# Larry brown our GM!?!?!



## SamTheMan67 (Jan 4, 2004)

Reported on espn wtf!! yes!! haha


----------



## spongyfungy (Oct 22, 2003)

Sources: Larry Brown tells colleagues he'll take Cavaliers job

It appears Larry Brown is on the move -- again. Brown has told two league sources that he plans to accept the Cavs' offer to become their next team president.


----------



## futuristxen (Jun 26, 2003)

NooOOooooOOooooooOOOooooo!!!!!!!


Lebron James will be traded for Bruce Bowen and Devin Brown. You watch! You just watch.


----------



## hendrix2430 (Mar 21, 2005)

futuristxen said:


> NooOOooooOOooooooOOOooooo!!!!!!!
> 
> 
> Lebron James will be traded for Bruce Bowen and Devin Brown. You watch! You just watch.



LOL you think Gilbert will let that happen. I think it's pretty clear what Gil's message is. Lebron is untouchable, period. Even if Lebron stuck a finger up Brown's daughter's *** at a party, Brown could not trade Lebron.

The only way Lebron leaves is if he wants to.


----------



## Pioneer10 (Sep 30, 2004)

I like Brown's ability to judge talent as he picked up on guys like Hughes, Snow, Ratliff etc in philly. But there in lies the problem he has such a short timeline with teams he promptly traded away a lot of his finds. i'm not sure he has the right mentatlity i.e thinking long term for the job.

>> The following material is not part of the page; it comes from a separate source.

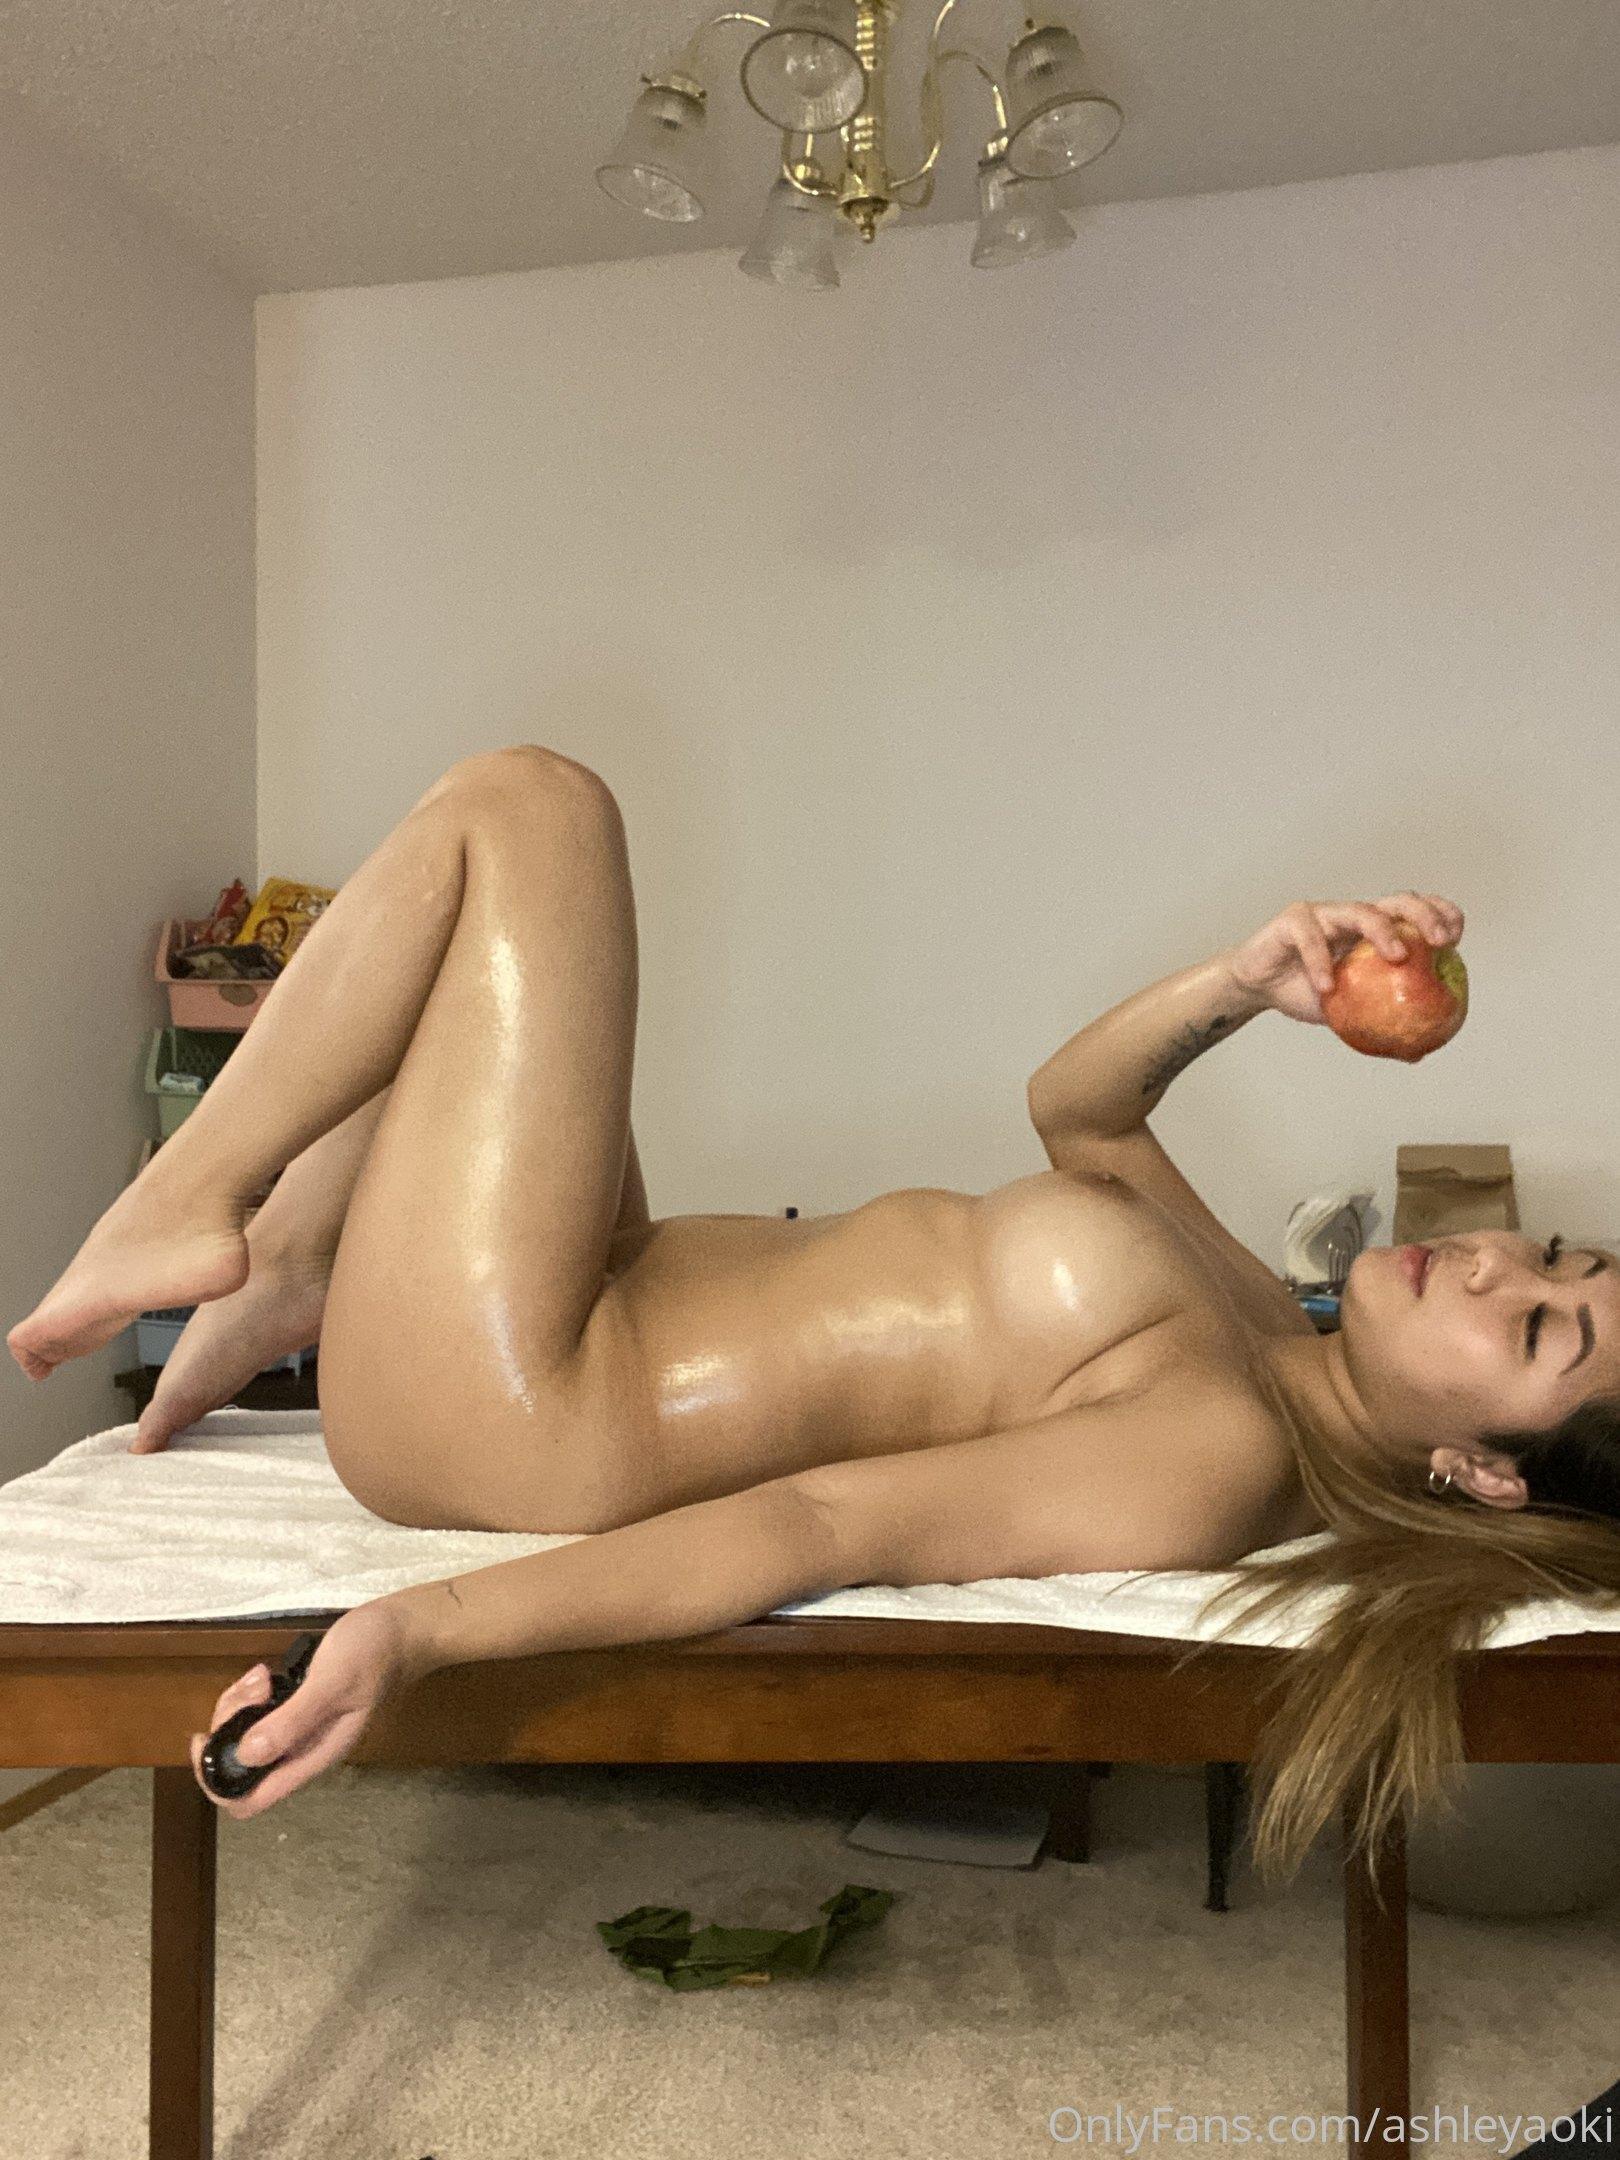 Ashley Aoki, Ashleyaoki, Onlyfans Leaks 0226

I doubt lebron goes and if anything Brown nagging him about this defense will improve his game but I'm worried Anderson/Sahsa/Luke might have played his last game already as a Cav


----------



## DetBNyce (Jul 23, 2002)

Larry Brown as coach -- great. Larry Brown and GM/President -- I'm not so sure about that one. Be prepared for a lot of trades. He'll want to trade a guy as soon as he tires of him. Maybe he'll bring in some of his favorites as well.


----------



## Ron Mexico (Feb 14, 2004)

futuristxen said:


> NooOOooooOOooooooOOOooooo!!!!!!!
> 
> 
> Lebron James will be traded for Bruce Bowen and Devin Brown. You watch! You just watch.

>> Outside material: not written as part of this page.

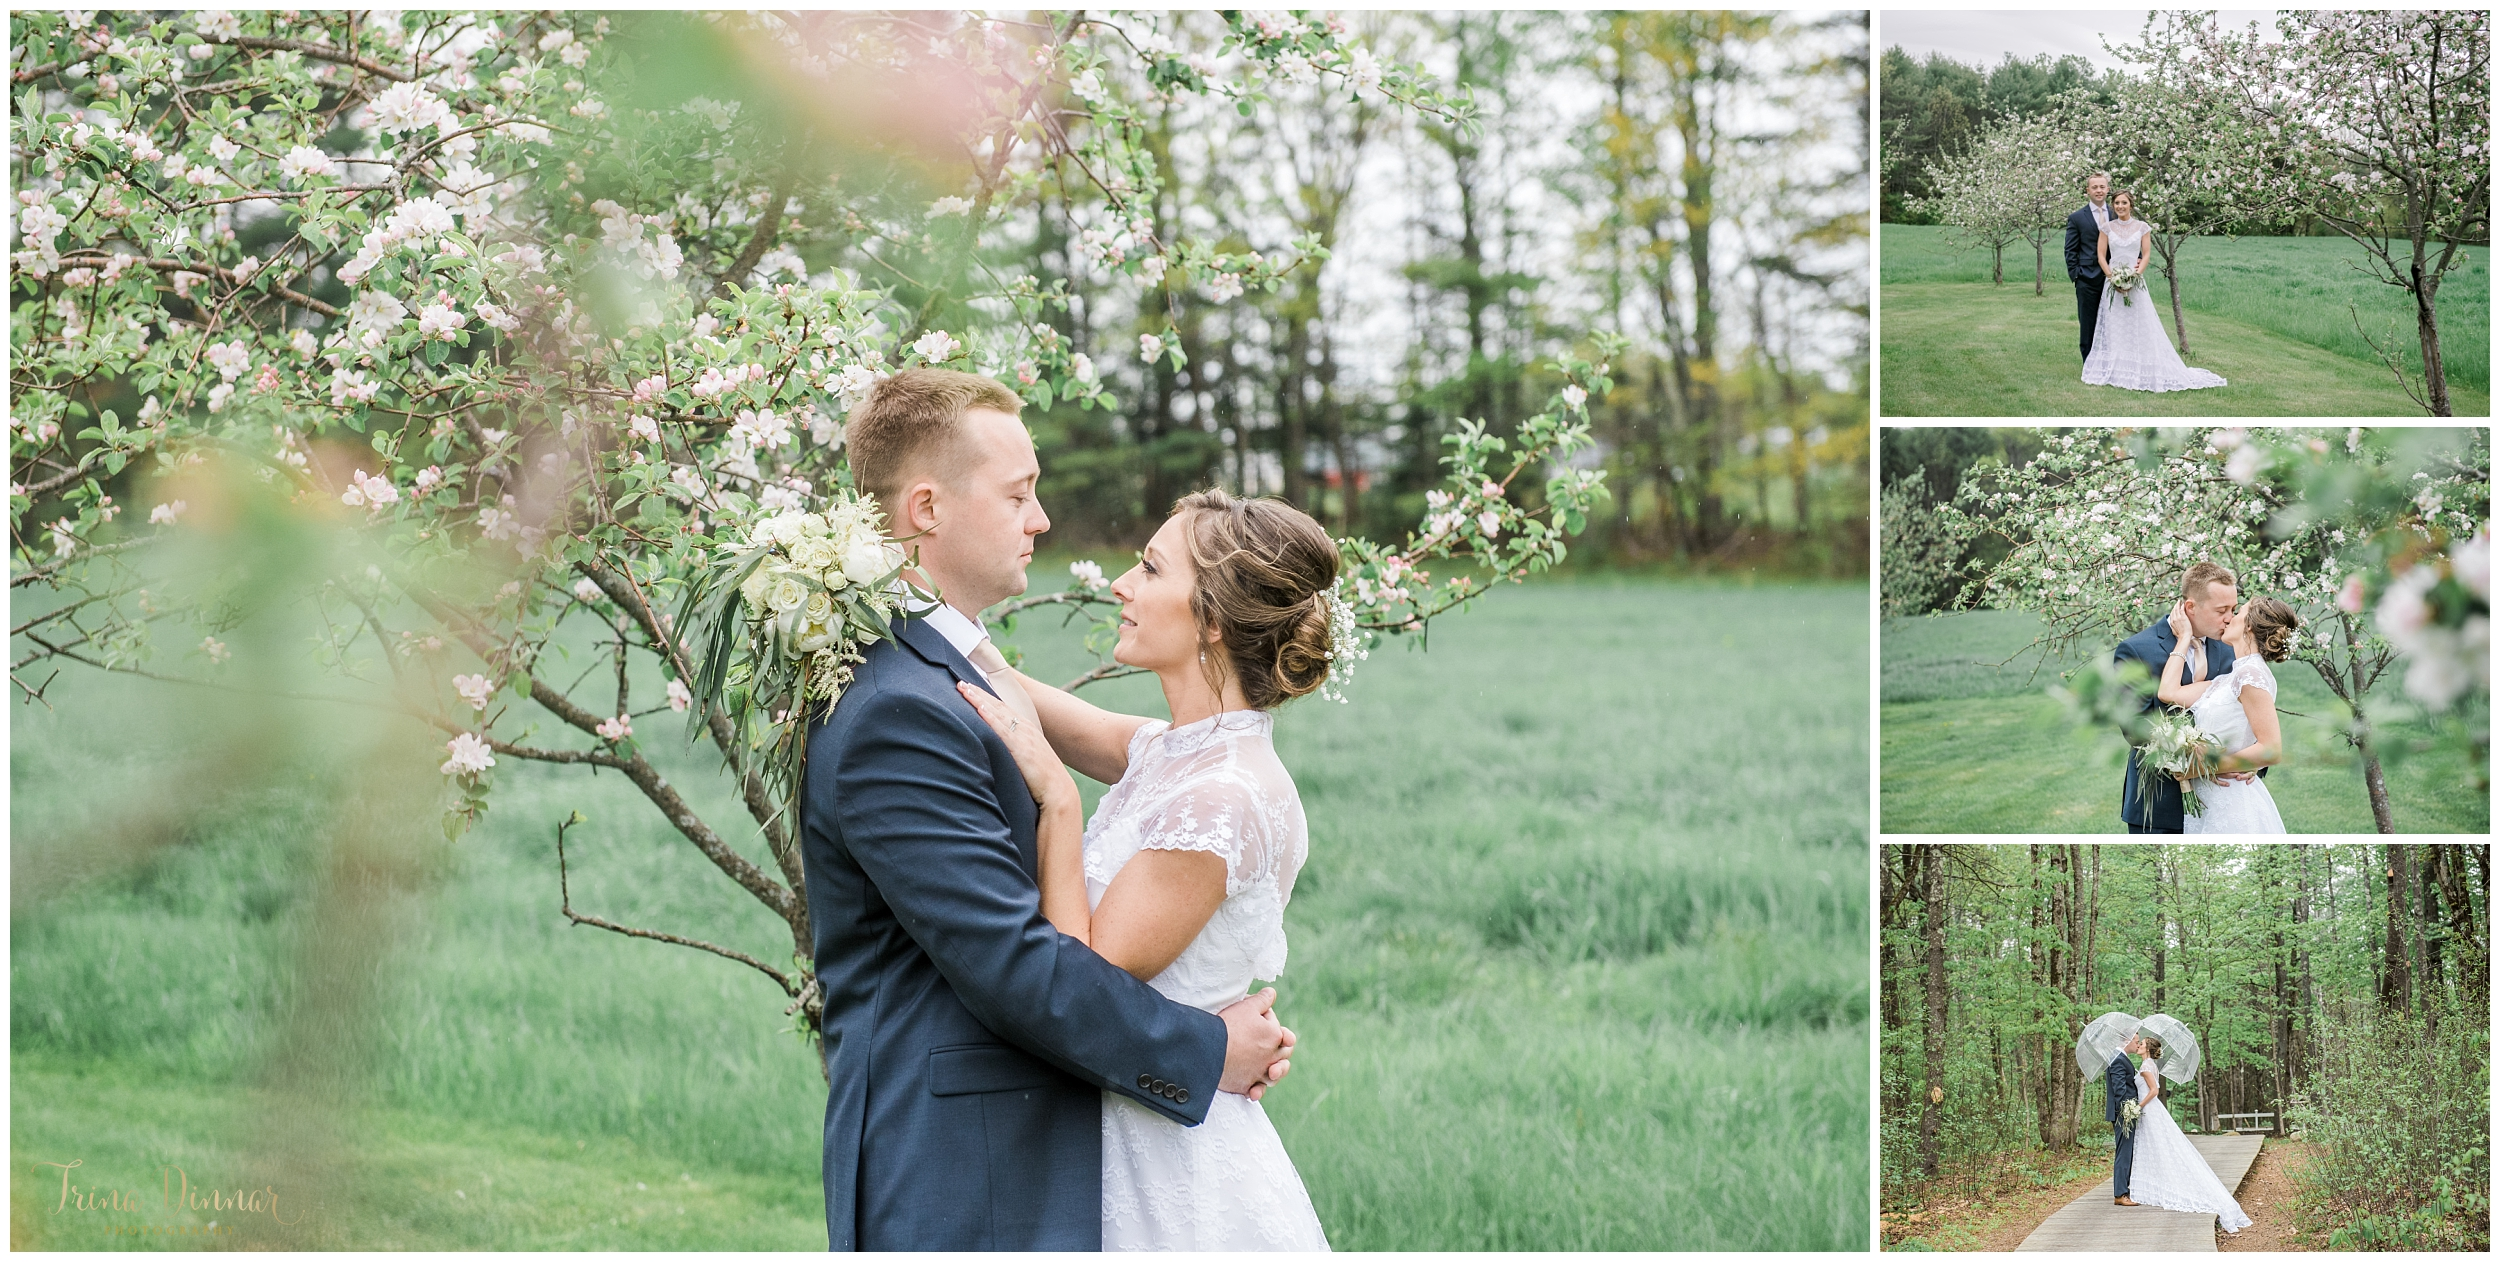 Maine Spring Wedding Photography by Trina Dinnar

c'mon larry brown is smarter than that


----------



## futuristxen (Jun 26, 2003)

I also worry about Larry just giving his favorite guys bad contracts. He's all about "loyalty" where he maybe gives a guy who isn't qualified, more than he deserves...and since he doesn't have to stay around to clean up the mess, he never has to pay for such decisions.

Frankly I think Larry Brown is possibly the worst GM Gilbert could get.

However, he will be a slight improvment over Jim Paxson...right? He has to be. RIGHT?


----------



## Benedict_Boozer (Jul 16, 2004)

Not a big fan of this move...I knew Gilbert was going to hire Brown.


----------



## futuristxen (Jun 26, 2003)

Larry Brown can still change his mind.
Fingers are crossed.

Rookie coach, and rookie GM.

not exactly the best step forward for a VERY important offseason.

The Cavs don't have time for Larry Brown to learn on the job. They need someone who already knows all the ropes.

I'm very concerned about this offseason for the Cavs.


----------



## Pioneer10 (Sep 30, 2004)

Not good news: looks like Gilbert can't get over his Larry Brown fetish no matter how stupid it looks to us (if he does come I sincerely hope I'm wrong as I'm impressed with Brown's ability to scout talent but I don't think he has the mentality to develop talent).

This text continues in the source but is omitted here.